The paper is well-known enough that it is often referred to by just the initials of the authors: "EPR". In the paper Einstein and his postdocs Podolsky and Rosen famously argue that quantum physics cannot be right because they find it predicts entanglement and thereby spooky action at a distance.
It is funny because at the start they set up two rules for judging the success of physical theory, correctness and completeness, which seems well and good. However, at the end of the article they argue from a third rule, that of reasonable expectation, that quantum mechanics cannot be right instead of doing what they suggest earlier and construct an experiment to test the prediction of the theory. The article is famous because experimental physics has indeed shown them to be wrong and that entanglement does exist.

The end result after blocking off relevant parts of the Twitter and removing the tweets is a smaller conversation with less sciency goodness. I must remember not to be clever, or there will be nothing left of social media to hang out in.

"Why is this rule number 8?" you say. I blush nervously and admit "I was trying to be clever," again. 

Sunday, October 04, 2015


Dumb bell nebula, M27.
After just being perversely interested in space and stars for ever I have actually started with what everyone really dreams of. Astronomy and telescopes (if you don't agree, you're probably in the wrong place on the internet). Anyway, I have been building up to getting a telescope for a long time, it's hard to choose. On one hand we want a telescope that gives good results so as not to get disheartened, on the other hand we don't want to get in too deep. So, I did what any amateur worth his salt would do, I surfed the internet. A lot. No, not alot, a lot.

Eventually I decided on a telescope, or three, but today we'll discuss learning proper astrophysics online. While surfing around I came across these wonderful astronomy courses on given by Paul Francis and Brian Schmidt at the Australian National University.

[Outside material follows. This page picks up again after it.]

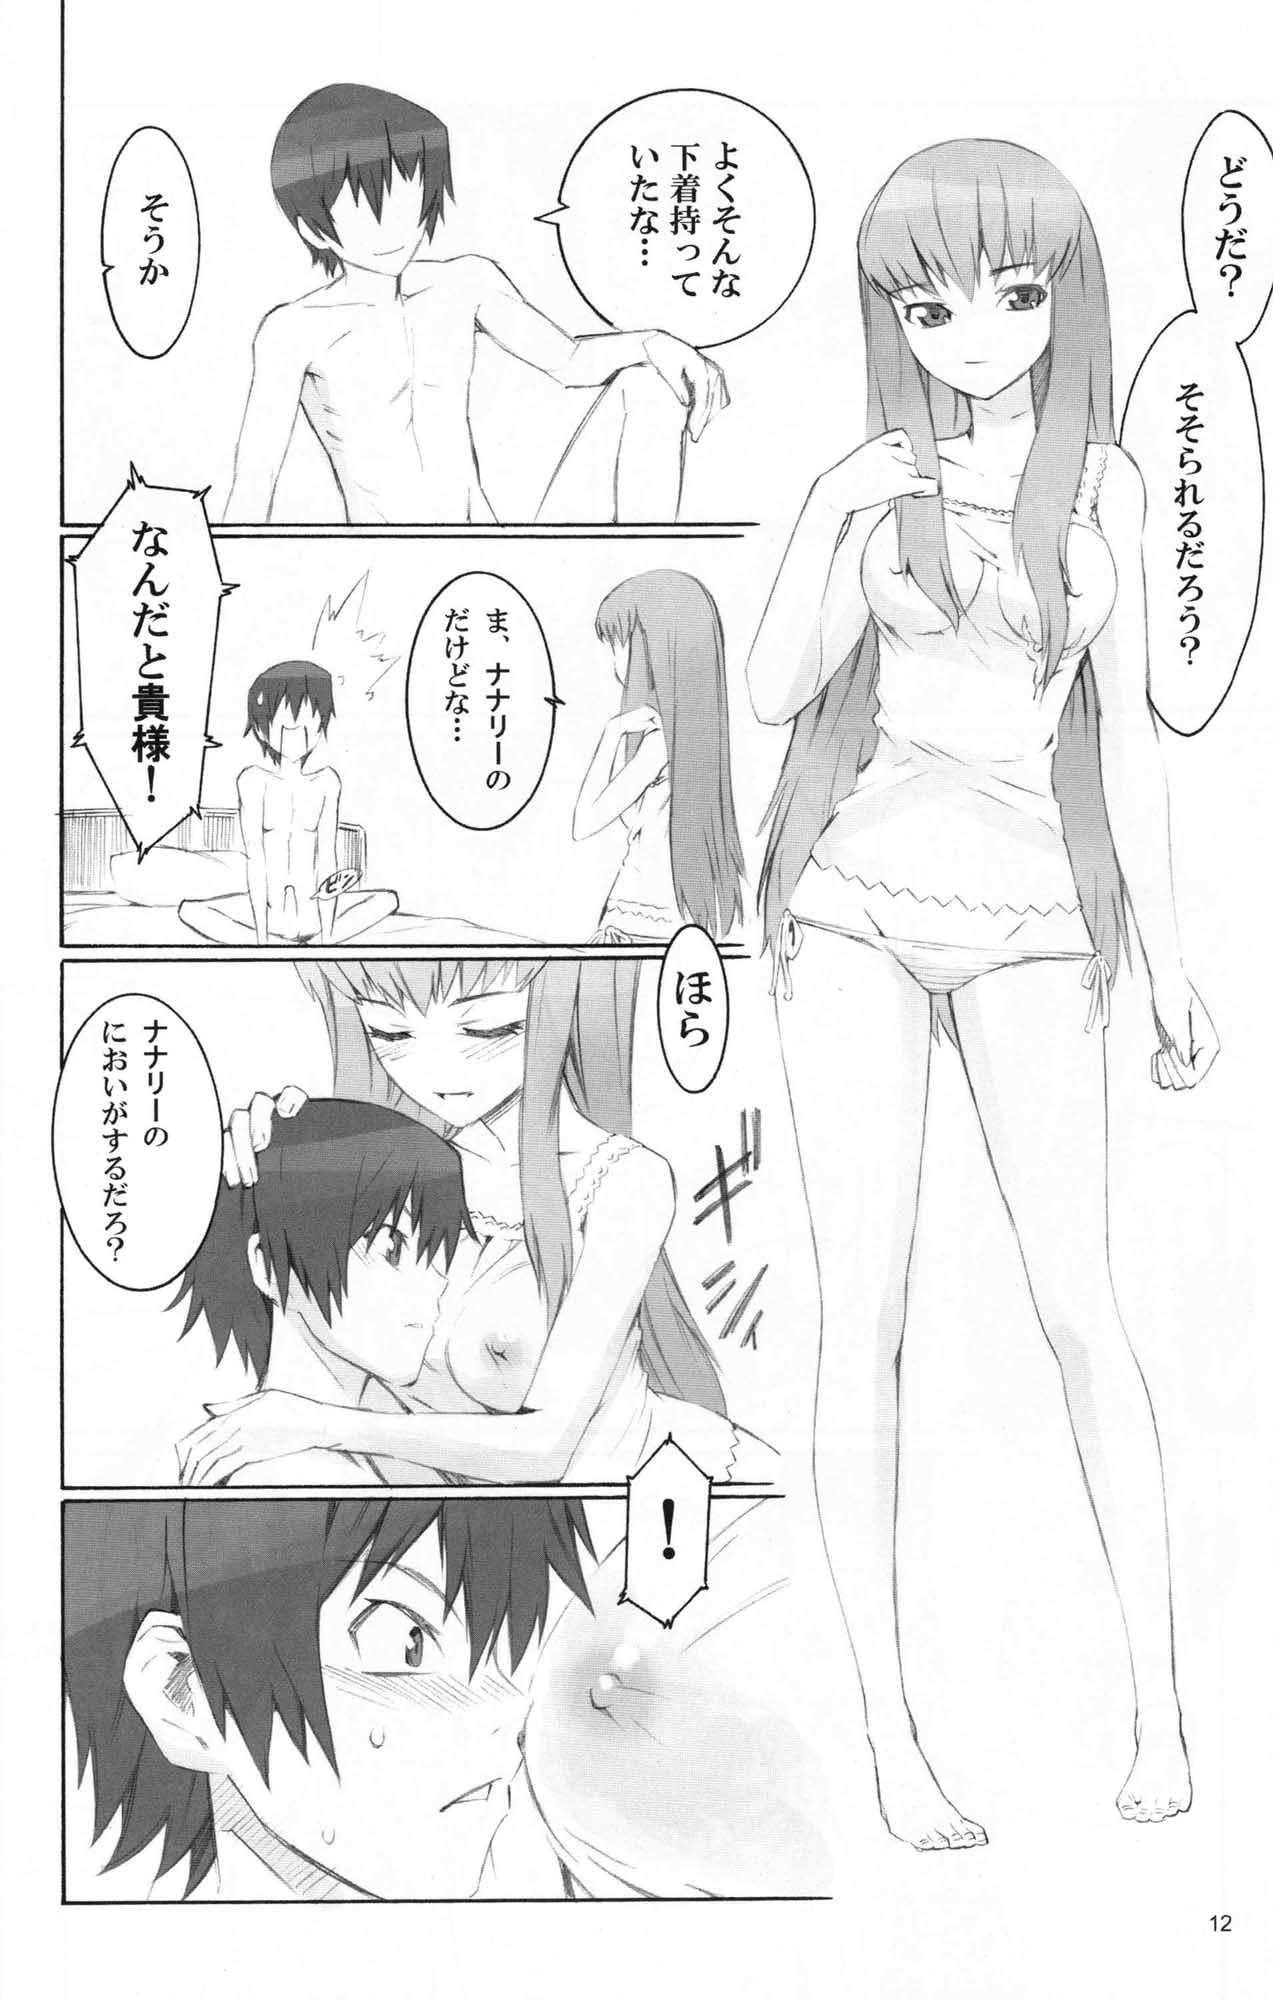 Doggystyle Porn SOULFLY 4 - Code geass Tiny Girl - Page 11
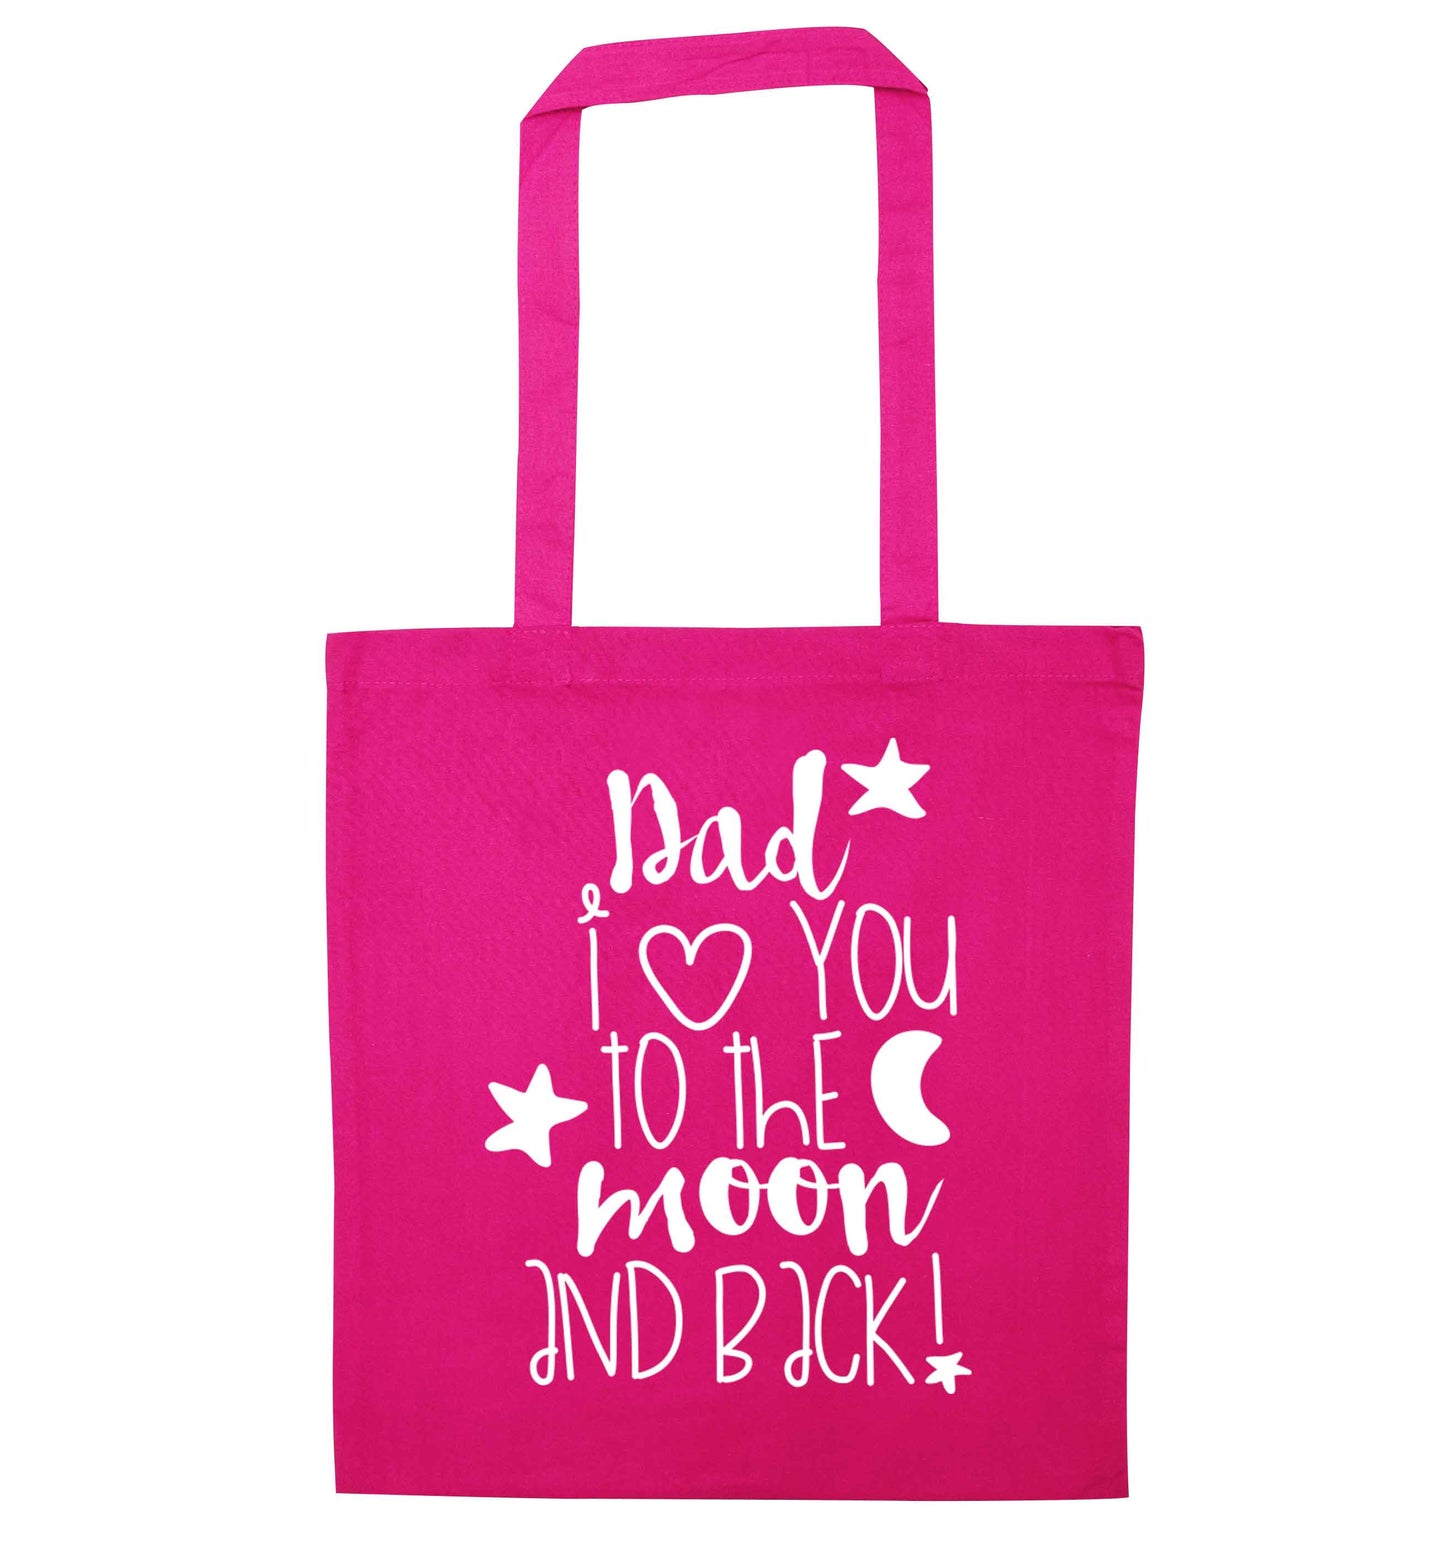 Dad I love you to the moon and back pink tote bag

There are four courses: Greatest unsolved mysteries of the universe, Exploring exoplanets, The violent universe, and Cosmology. Together they correspond to ANU's first year of astrophysics. If you would like to start a bit more basic there's also the Introduction to solar systems astronomy given by Frank Timmes at Arizona State University.

Genetics and medicine has little compared to astronomy when it comes to data availability. It turns out that most catalogues of stars, galaxies, etc. get turned into public databases fairly quickly, which is reasonable given the small number of really large telescopes and space missions compared to the amount of data one of these can collect (Oh, and the number of undergrads astrophysics departments around the world have to contend with). So, I downloaded the Hipparcos and Tycho2 catalogues and played around with them in R. Good fun for summer vacation. I might write a bit more about that later. Here's a star density plot of the Tycho2 data for now.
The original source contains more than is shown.